NEUROMYELITIS OPTICA SPECTRUM DISORDERS (NMOSD) AND SYSTEMIC LUPUS ERYTHEMATOSUS (SLE): DOUBLE DISEASE BURDEN AND DILEMMA
- Anna Abou-Raya, Egypt
Abstract
Background and Aims
Neuromyelitis optica (NMO), neuromyelitis optica spectrum disorders (NMOSD) and transverse myelitis are auto-antibody mediated chronic inflammatory demyelinating CNS diseases that can occur idiopathic or in conjunction or may overlap with autoimmune rheumatic diseases. Although rare, these immune-mediated CNS diseases pose a diagnostic and therapeutic challenge to the treating physician posing a dilemma in clinical practice.
Methods
To illustrate the difficulty and dilemma in distinguishing NPSLE from NMOSD we present a case report of a 42-year-old female with a six-year history of SLE that presented with a 2-day complaint of progressive numbness and flaccid paralysis in both legs, fatigue and a malar rash. She then developed urinary and rectal incontinence and was unable to walk or stand unassisted. Flaccid leg paralysis, lower extremity paresthesia, and a positive Babinski response on the right side were noted on physical exam.The workup included serology for antinuclear, anti-double-stranded, antiphospholipid antibodies, blood count, ESR and CRP, lumbar puncture and MRI of her spine and brain.
Results
Workup revealed strong ANA positivity, NMO-IgG antibody (antibody to aquaporin 4 IgG (AQP4-IgG)) was positive and MRI of the spine demonstrated extensive hyperintense T2 signal abnormality throughout the spinal cord.
Conclusions
This case is further evidence that they can be co-existing conditions and although demyelination can be related to SLE activity it can sometimes be difficult to distinguish NPSLE from NMOSD. Early recognition of NMOSD in patients with autoimmune rheumatic diseases presenting with a CNS event is key.The therapeutic implications of these relationships are important because they can influence the timing and selection of immunosuppressive therapy.

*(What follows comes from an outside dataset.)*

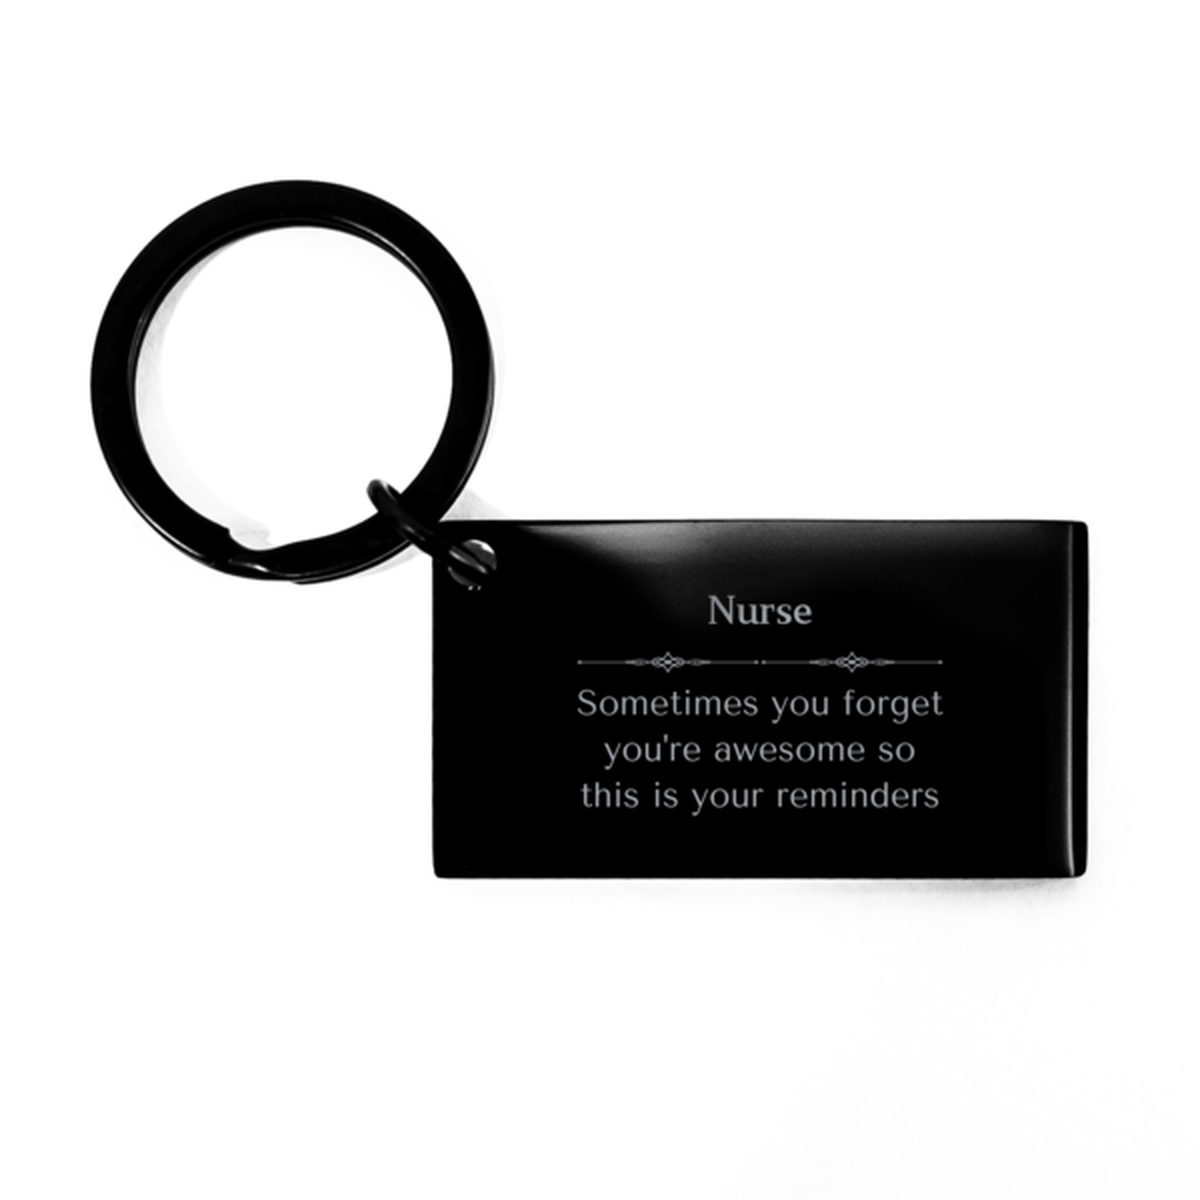 Sentimental Nurse Keychain, Personal Care Aide Sometimes you forget you're awesome so this is your reminders, Graduation Christmas Birthday Gifts for Nurse, Men, Women, Coworkers

THE RISK OF INFECTION IN PATIENTS WITH POLYMYOSITIS AND DERMATOMYOSITIS TREATED WITH DIVERSE IMMUNOSOPRESSIVE THERAPY: A LARGE CROSS-SECTIONAL STUDY
- Naim Mahroum, Israel
Abstract
Background and Aims
Polymyositis and dermatomyositis (PM/DM) are chronic inflammatory diseases affecting the muscle, often require immunosuppressive therapy that may increase the risk for infections.
Methods
We utilized the CLALIT database (2,085 cases – 1,475 with DM and 610 with PM) and conducted a cross-sectional study to assess which drug conferred a higher risk of infection.
Results
At the multivariate regression analysis, adjusting for confounding factors such as age and gender, azathioprine was associated with a higher risk of developing parvovirus (OR 4.16 [95%CI 2.39-7.23]), EBV (OR 2.35 [95%CI 1.74-3.16]) and tuberculosis (OR 4.14 [95%CI 1.12-15.25]). The administration of methotrexate was associated with a higher risk of developing EBV (OR 2.09 [95%CI 1.64 to 2.66]) and VZV (OR 2.07 [95%CI 1.34 to 3.20]). The use of cyclophosphamide did not significantly impact on the risk of infections, whereas plasmapheresis conferred a higher risk of developing HCV (OR 19.83 [95%CI 2.18 to 180.71], parvovirus (OR 49.31 [95%CI 8.55 to 284.27]) and EBV (OR 5.89 [95%CI 1.27 to 27.31]). The use of rituximab resulted in a higher risk of developing HBV (OR 5.10 [95%CI 1.77 to 14.71]), parvovirus (OR 4.69 [95%CI 2.13 to 10.31]), and EBV (OR 3.84 [95%CI 2.46 to 5.98]). Finally, the use of steroids conferred a higher risk of EBV.
Conclusions
Patients with PM/ DM and mainly those treated with immunosuppressive therapy ar at higher risk of viral infections and clinicians could use these findings to properly plan the management and treatment of PM/DM patients.